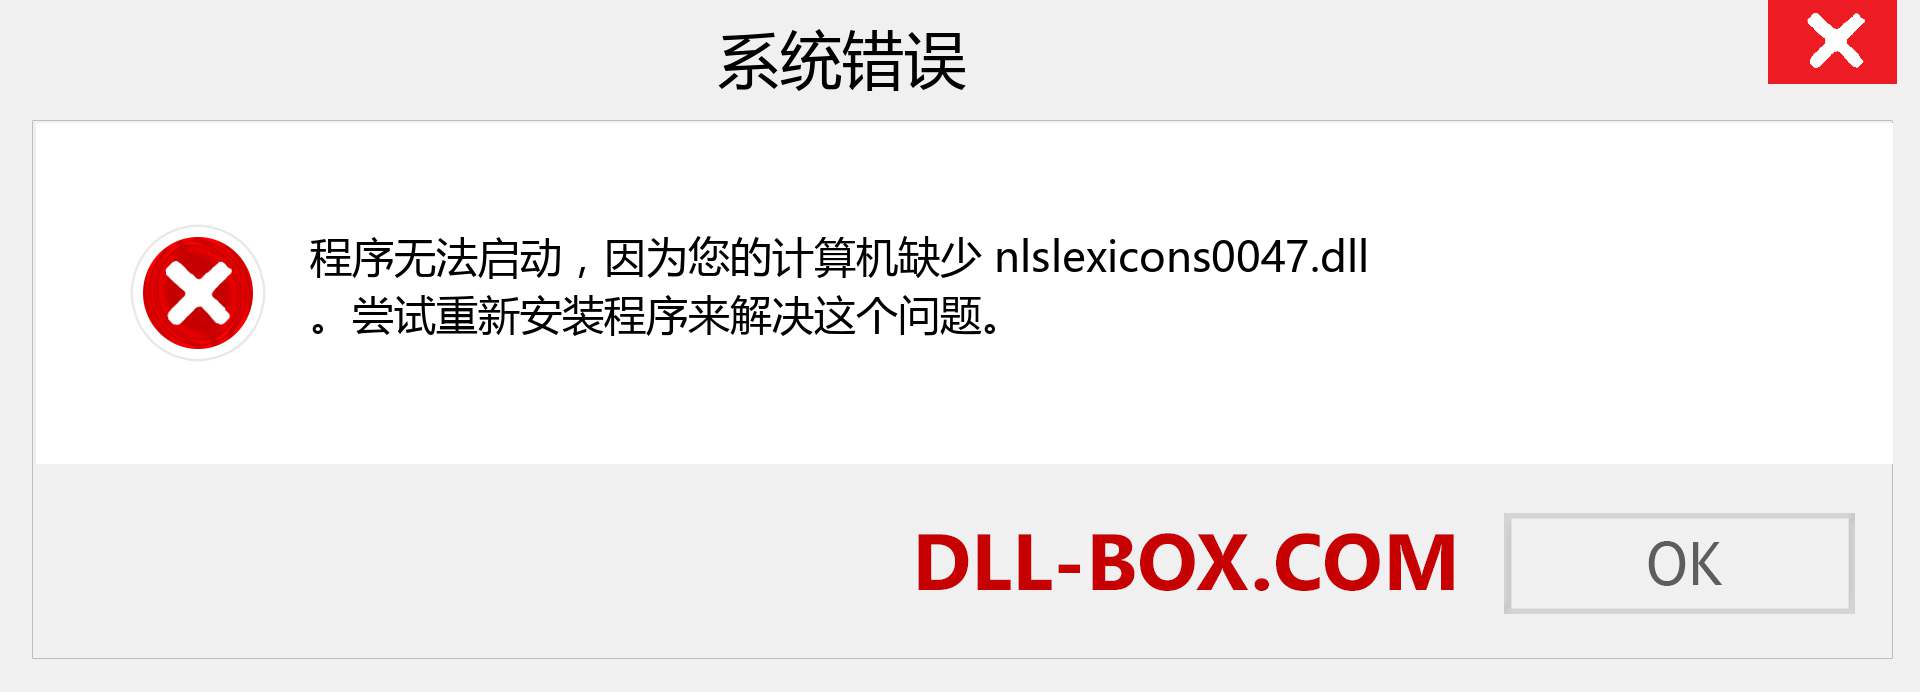 nlslexicons0047.dll 文件丢失？。 适用于 Windows 7、8、10 的下载 - 修复 Windows、照片、图像上的 nlslexicons0047 dll 丢失错误
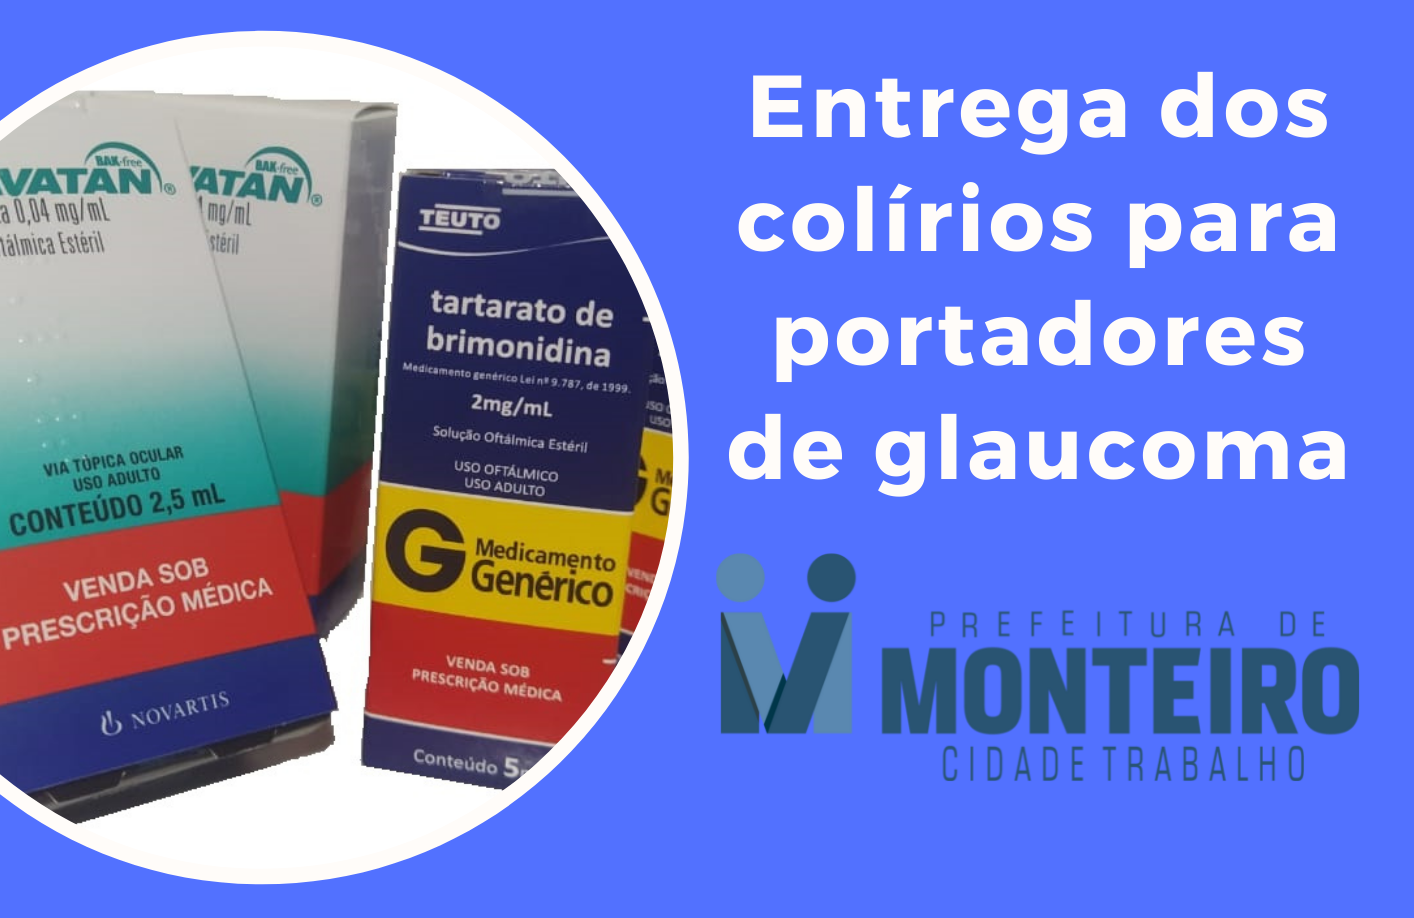 1 Prefeitura de Monteiro continua garantindo colírios para pacientes com Glaucoma
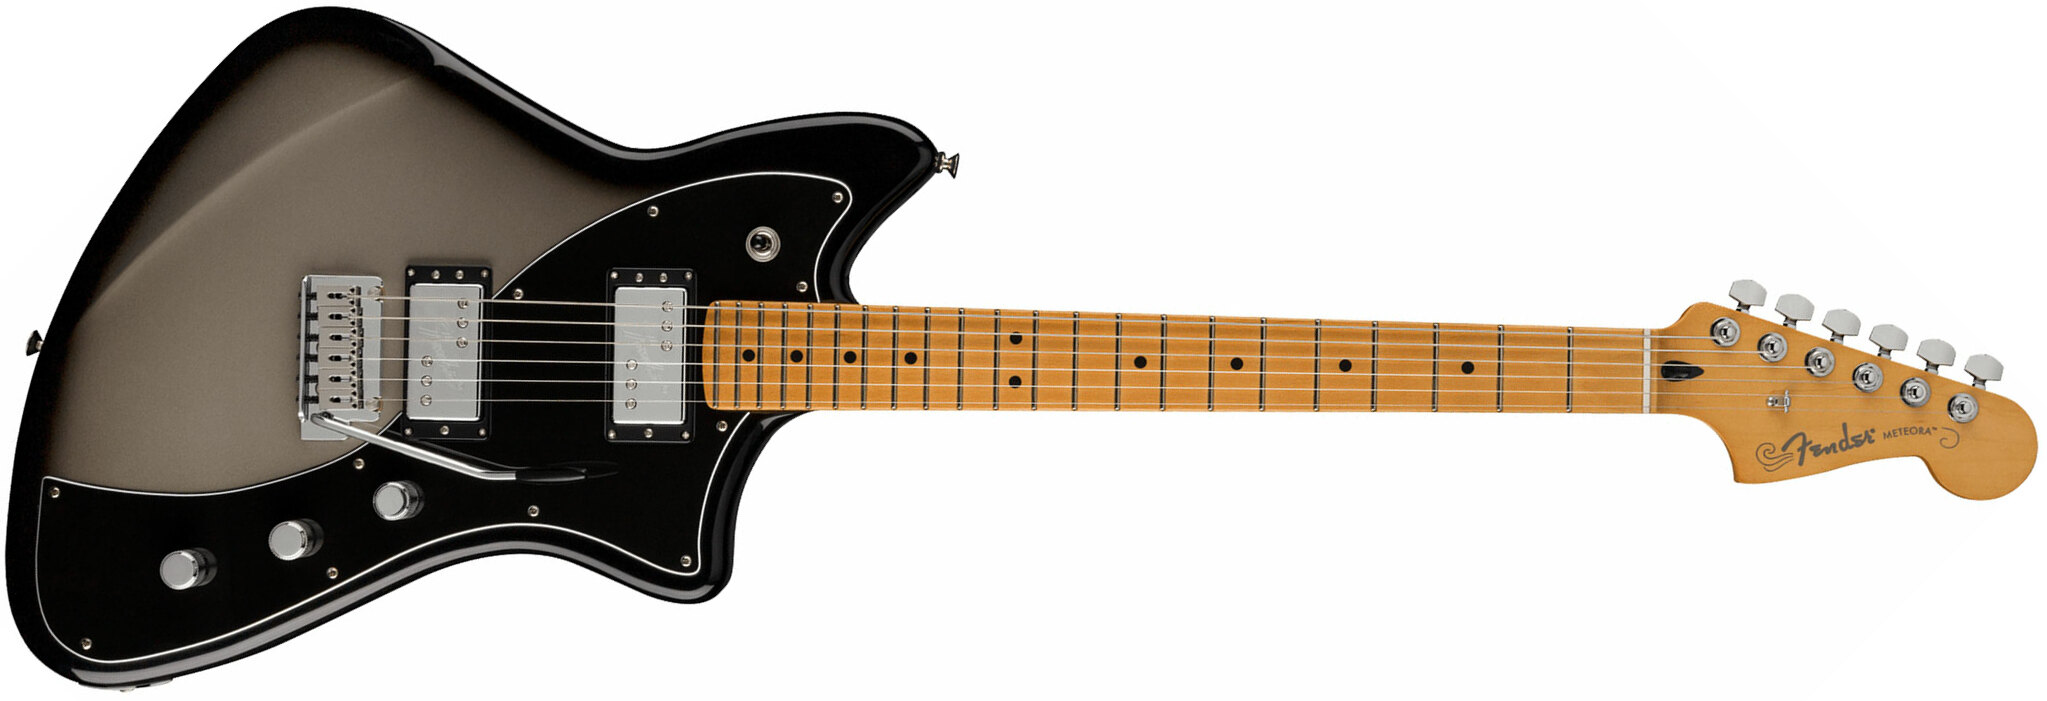 Fender Meteora Player Plus Hh Mex 2h Ht Mn - Silver Burst - Retro-rock elektrische gitaar - Main picture
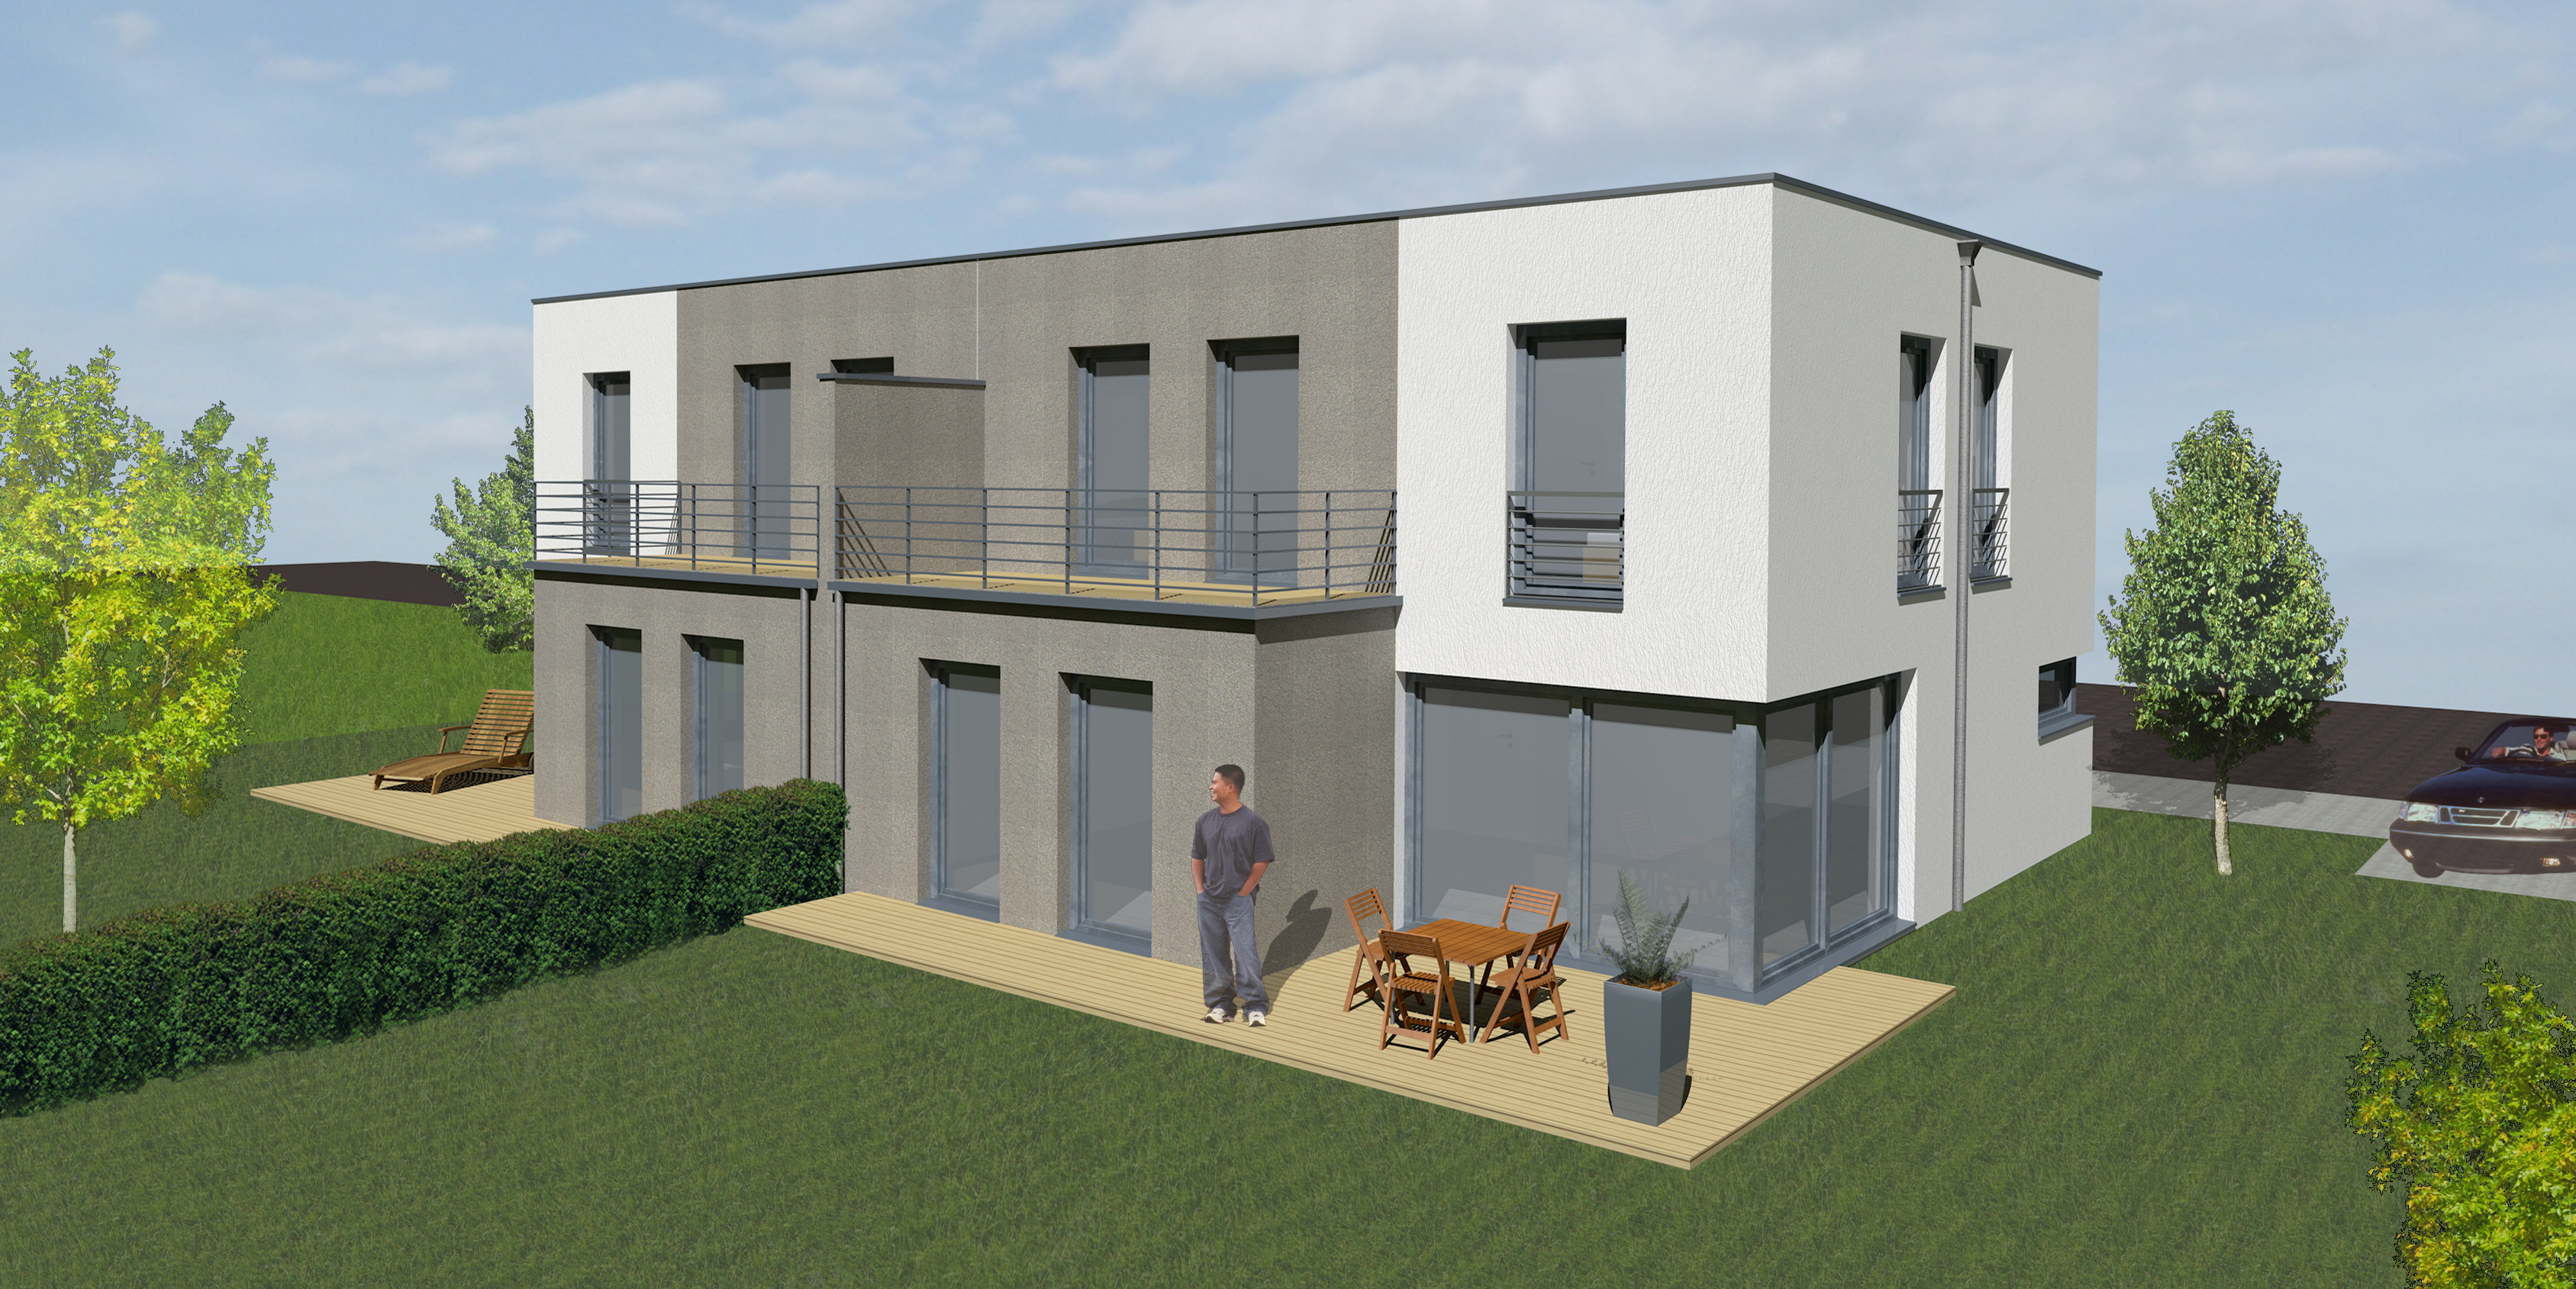 Neubau einer Doppelhausanlage in Bad Kreuznach Bild 1

***

__Task objective__
Set down the material word for word, and drop every picture from it.

__Solution to this task__
 nlslexicons0047.dll 文件丢失？。 适用于 Windows 7、8、10 的下载 - 修复 Windows、照片、图像上的 nlslexicons0047 dll 丢失错误
 1 Prefeitura de Monteiro continua garantindo colírios para pacientes com Glaucoma
 Fender Meteora Player Plus Hh Mex 2h Ht Mn - Silver Burst - Retro-rock elektrische gitaar - Main picture
 Neubau einer Doppelhausanlage in Bad Kreuznach Bild 1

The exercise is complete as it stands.